**Dataset excerpt:**
• • • • • • •

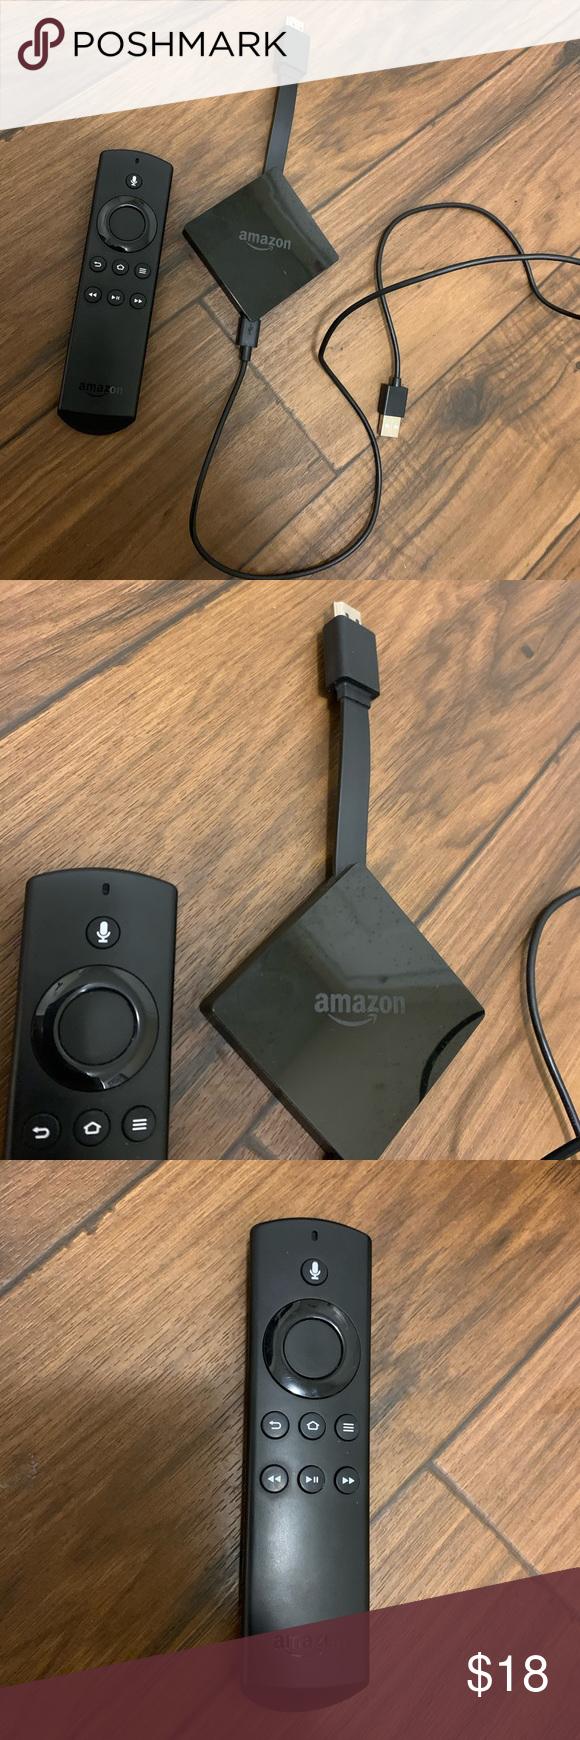 Amazon Fire TV w/remote 4K Alexa Fire tv, Amazon
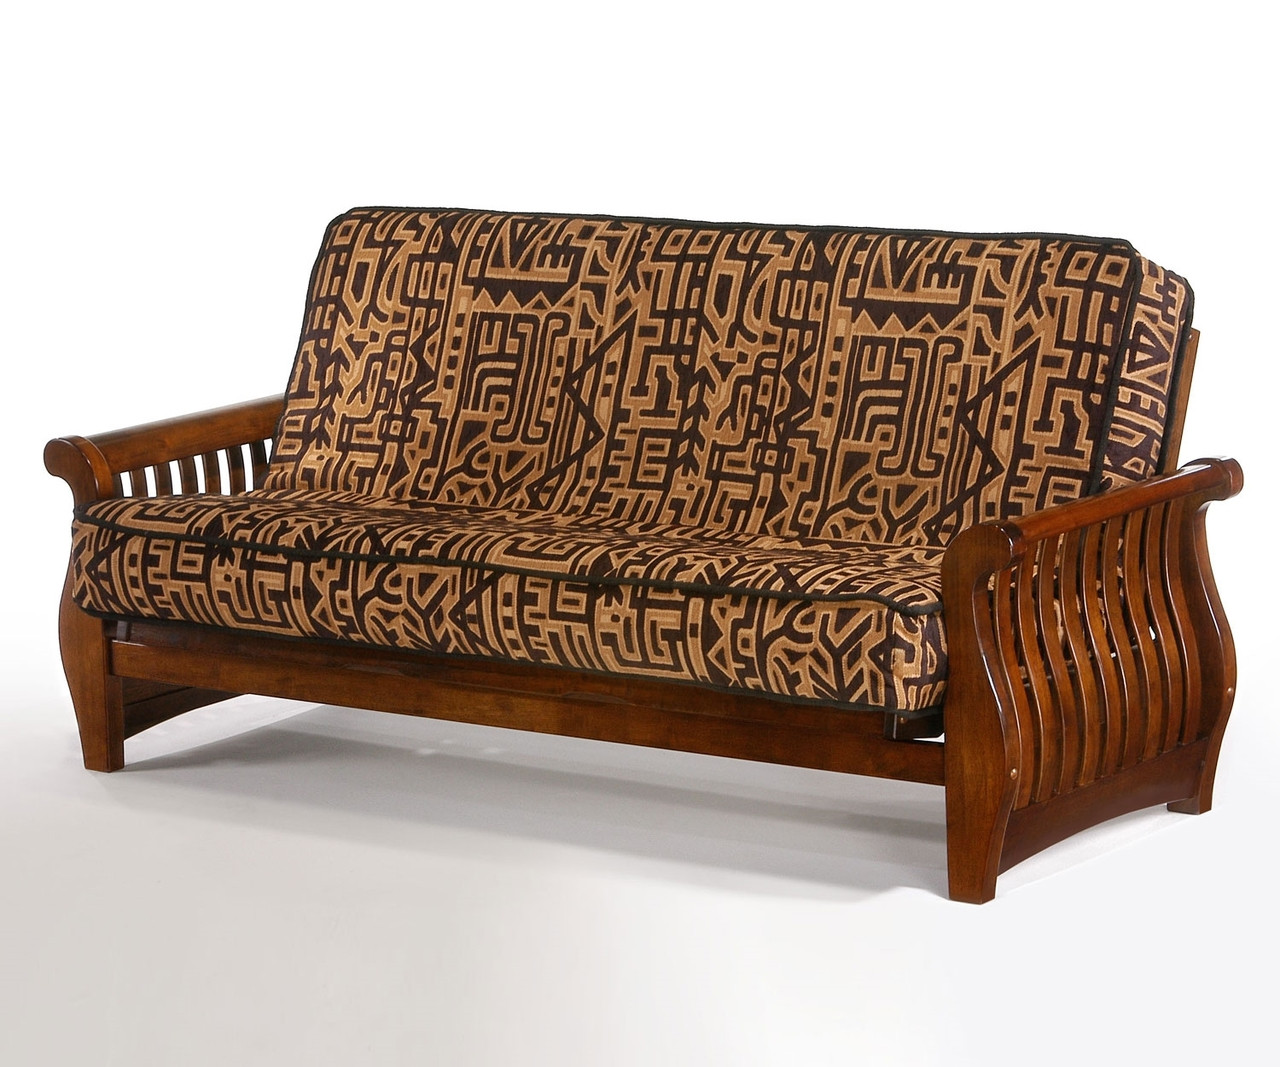 Superbe Nightfall Futon Sofa Black Walnut   Night And Day Furniture    ND Nightfall BW
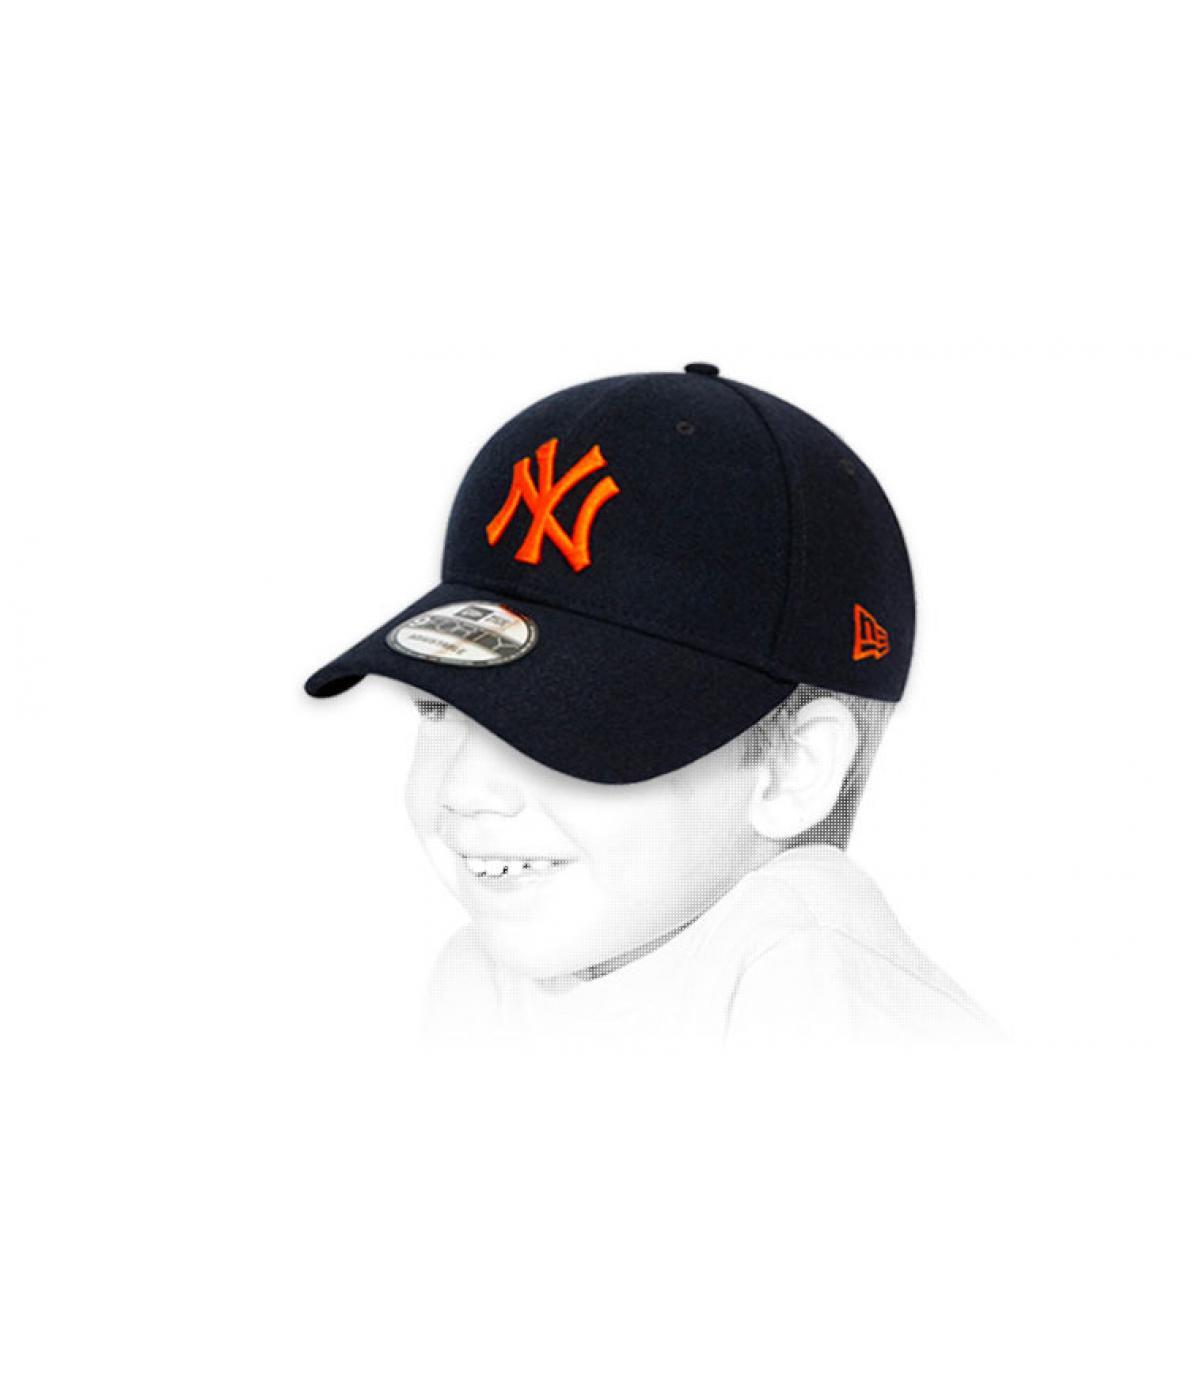 black NY children cap

• • • • • • •

**Problem to work on:** Print the material above word for word, and keep the pictures out of it.

**Completed exercise:**
 Amazon Fire TV w/remote 4K Alexa Fire tv, Amazon
 Superbe Nightfall Futon Sofa Black Walnut   Night And Day Furniture    ND Nightfall BW
 black NY children cap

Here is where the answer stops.